Caregivers: are you kind and compassionate to yourself?
The other day I (over)heard this woman say she was sick of hearing about self-compassion. She couldn’t turn around she said, without seeing it in magazines, newspapers, online blogs, on the radio. It is just everywhere, she said.
While I wasn’t sure why this woman was sick of hearing about self-compassion, her comments and perspective concerned me. I have noticed a backlash or resistance that can come up when the subjects of self-love and self-compassion are raised. For sure, it can feel unnatural at first. You may even see self-compassion as “hoaky” or “silly”. From my perspective, the benefits make it worth working through any resistance.
What is natural is wanting to feel good about ourselves. Self-compassion is a way to do this without having to compare ourselves and without the negative judgements of ourselves when things aren’t going too well.
The following two exercises are adapted from the current expert on this topic, Dr.
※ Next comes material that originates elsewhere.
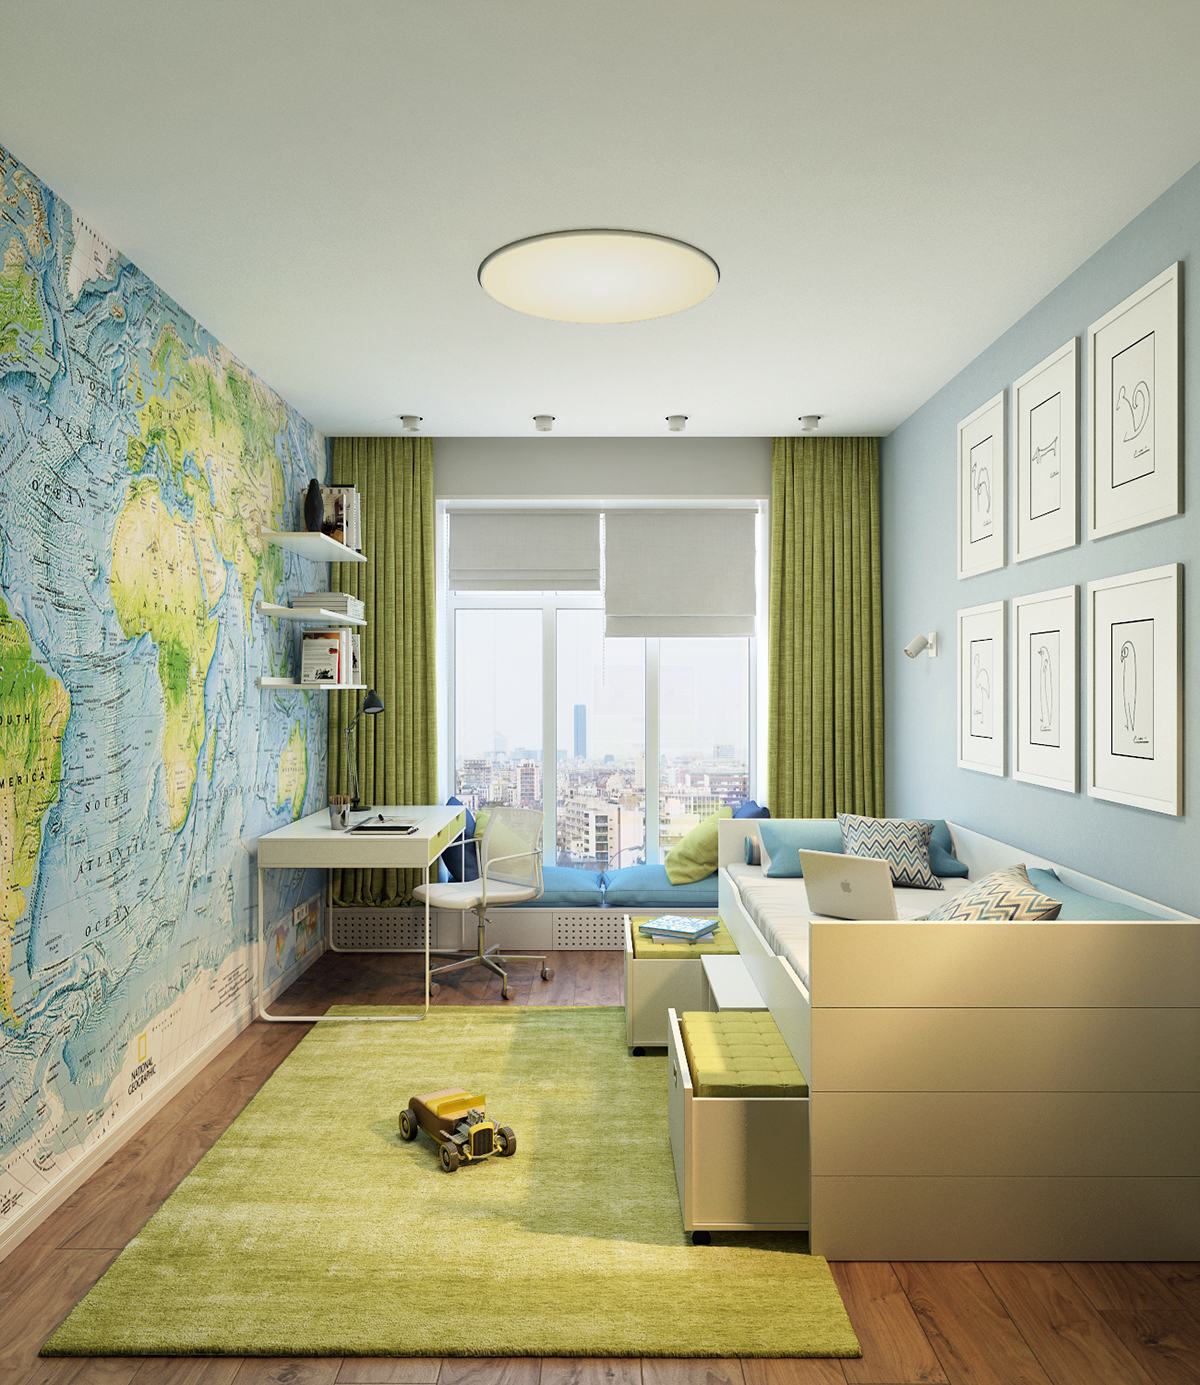 Room decor ideas "width =" 1200 "height =" 1385 "srcset =" https://mileray.com/wp-content/uploads/2020/05/1588511530_76_25-Bedroom-Paint-Ideas-For-Teenage-Girl.jpg 1200w, https: / /mileray.com/wp-content/uploads/2016/04/stylish-map-kids-bedroom-decor-260x300.jpg 260w, https://mileray.com/wp-content/uploads/2016/04/stylish - map-kids-bedroom-decor-768x886.jpg 768w, https://mileray.com/wp-content/uploads/2016/04/stylish-map-kids-bedroom-decor-887x1024.jpg 887w, https: / / mileray.com/wp-content/uploads/2016/04/stylish-map-kids-bedroom-decor-696x803.jpg 696w, https://mileray.com/wp-content/uploads/2016/04/stylish- map -kids-bedroom-decor-1068x1233.jpg 1068w, https://mileray.com/wp-content/uploads/2016/04/stylish-map-kids-bedroom-decor-364x420.jpg 364w "Sizes =" (maximum Width: 1200px) 100vw, 1200px

Kristin Neff. You can approach these exercises as a scientist or researcher and you can use yourself as the research subject. Imagine you are on a mission to find out experientially what self-compassion is all about. The worst thing that can happen is that you will treat yourself better….
Ready to go for it? Self-compassion break
Think of a difficult situation, one that is stressful for you. Try to actually feel the stress and discomfort in your mind and in your body (don’t worry, you don’t hang on to this stress and discomfort for long!)
NOW, say to yourself:
- “This is a moment of suffering.” (Mindfulness) If you don’t like this language, use other descriptors such as “This is painful,” “This hurts,” or “This is stress.”
- “Suffering is part of life.” (Common humanity)
Alternatives: “I am not alone,” “Other people feel this way,” or “We all struggle in our lives.”
Now, put your hands over your heart and feel the warmth and gentle touch of your hands.
If you cannot get your head around putting your hands on your heart, then find another kind of soothing touch that feels like a better fit for you. This physical gesture actually releases oxytocin, knownas the “hormone of love and bonding.” The point is that when we are kind and compassionate towards ourselves, there is a real positive impact on our bodies and minds.
3. “May I be kind to myself?” (Self-kindness)
What is the kindest thing you can say to yourself right now in relation to your situation? Examples: “May I accept myself in this moment?” “May I forgive myself in this moment?” “May I be patient with myself in this moment?” “May I be at peace?” or “I am doing the best I can.”
Ideally, you will apply this self-compassion break when you need it and often enough for self-compassion to feel natural.
Need it to be even simpler?
When you notice that you are coming down on yourself or being critical of yourself, think about how a loving friend would respond. Alternatively, if your friend were in the same position as you right now, how would you respond to them? Respond to yourself in the same way.
Neff has all eventualities covered. If you notice that you would respond negatively and critically to your friend, she advises, then choose a divine or spiritual figure instead and ask yourself how they would respond to you. Now, turn around and give this compassion to yourself.
If you want to complete a quick self–assessment to find out your current level of self-compassion, go to Dr. Kristin Neff’s website: www.selfcompassion.org.
What I love is that this exercise and other self-compassion exercises can be woven into our daily life easily. That is, we don’t have to find or make time for it. It’s about how we choose to treat ourselves.
Have you tried this or any other self-compassion exercise? What has been your experience with it?